Smart Infrastructure Needs Human Trust
The phrase “smart city” can sound cold if it only focuses on systems, sensors, and automation. The fireside chat brought the conversation back to citizens.
A smarter city should not simply be more automated. It should be more livable.
That means AI must improve how people experience the city: shorter delays, safer roads, fairer services, better housing decisions, cleaner infrastructure management, and faster response when something goes wrong.
But trust will decide whether citizens accept these systems. People need to know how AI is being used, what data is being collected, who controls the decisions, and how mistakes can be challenged. Without that trust, even the most advanced urban platform can become another source of public frustration.
Urban Innovation Is Becoming Real-Time
The biggest takeaway from the fireside chat was that urban innovation is shifting from slow planning cycles to real-time intelligence.
Cities are becoming more complex.
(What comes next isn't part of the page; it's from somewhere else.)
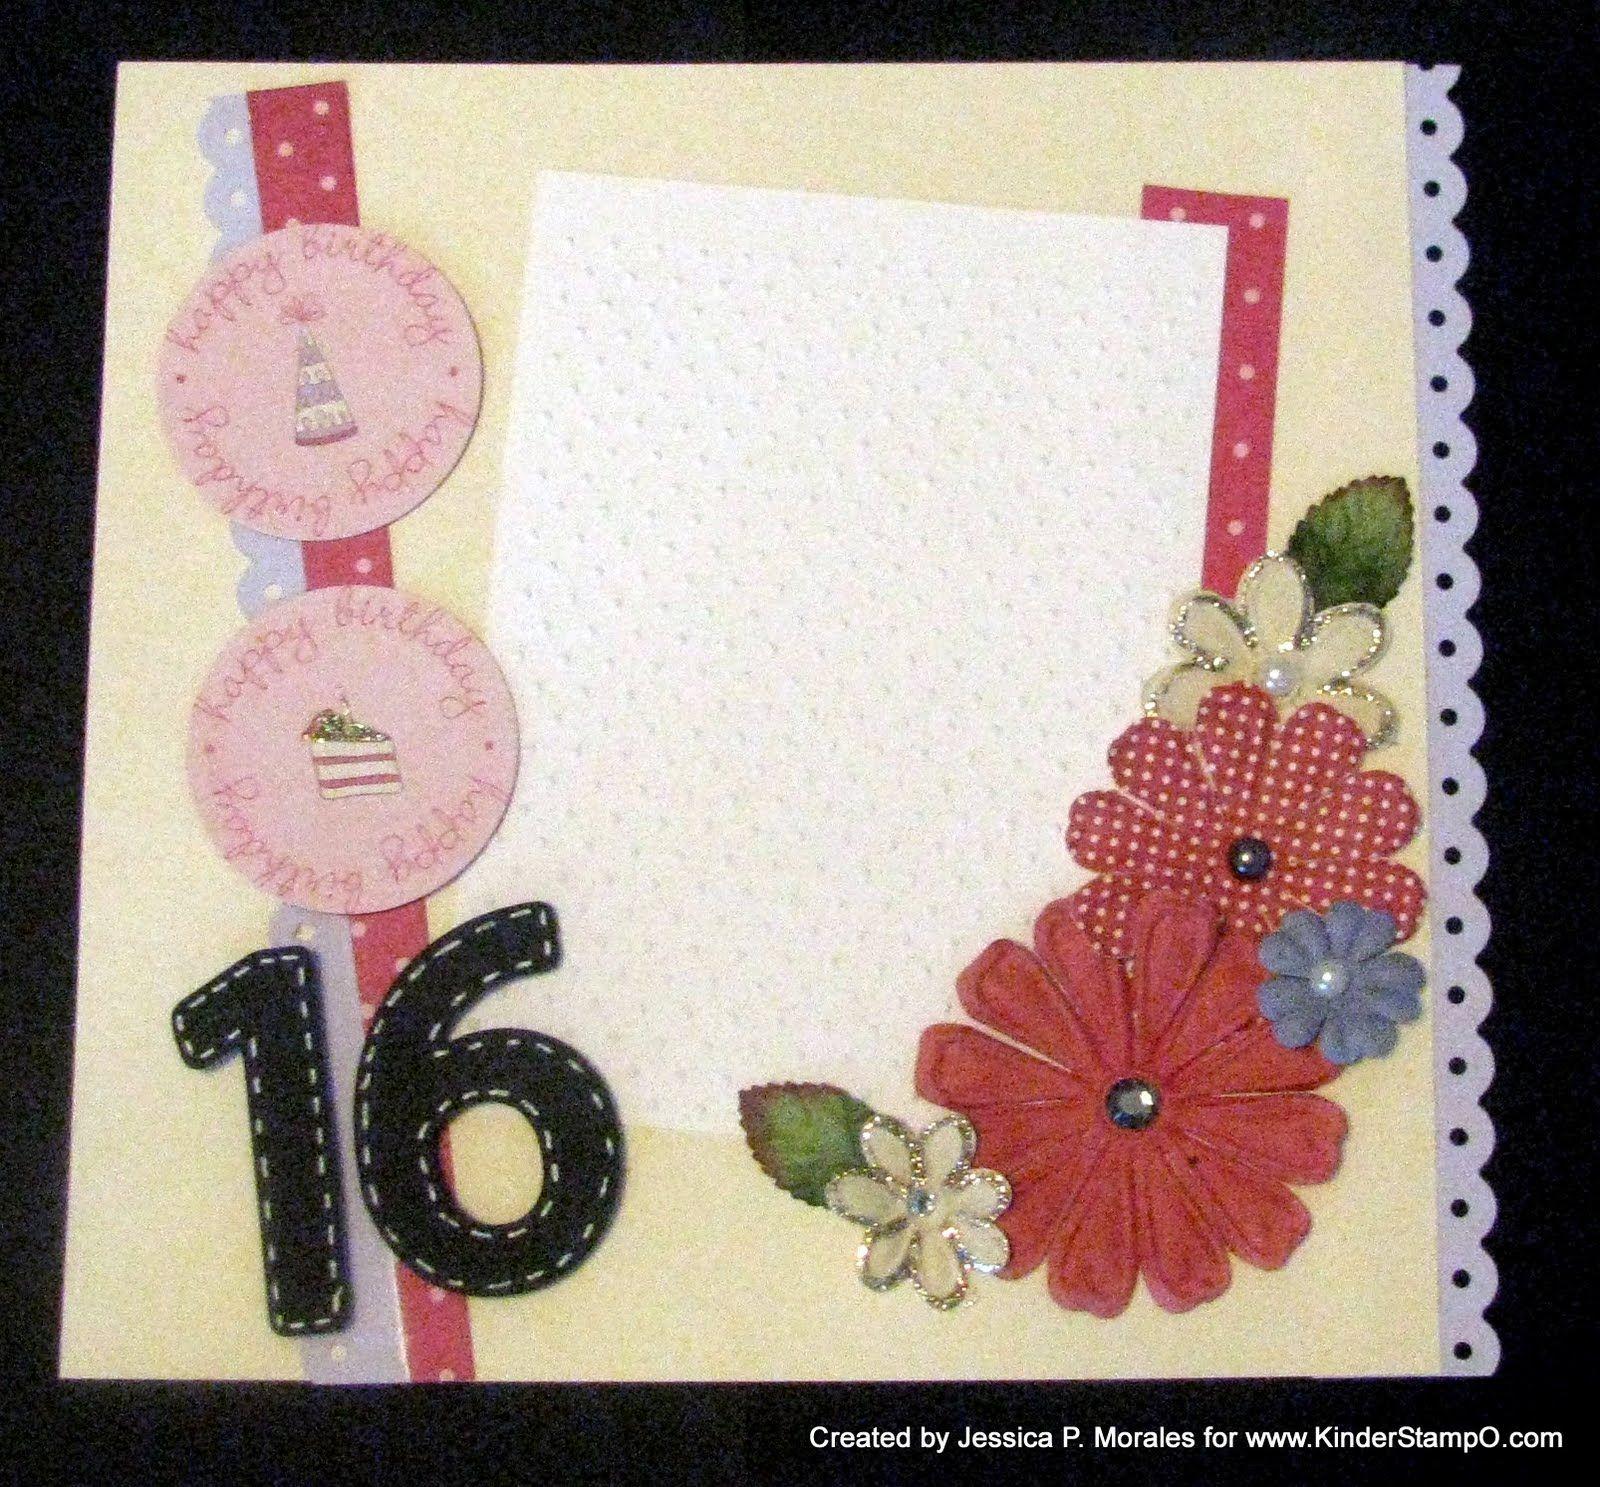 How to scrapbook 8x8 layouts - 8x8 Scrapbook Layout Ideas Memories Here Designs Happy 16th Birthday 8x8

Climate pressure, population growth, mobility demand, housing shortages, and aging infrastructure are all hitting at once. Traditional city management cannot always keep up.
AI offers a way to see more, predict earlier, and act faster. But the technology has to be designed carefully. It needs safeguards against bias, practical integration with old infrastructure, and a clear focus on citizen benefit.
Smart cities are not just about smarter systems.
They are about whether citizens actually feel the difference.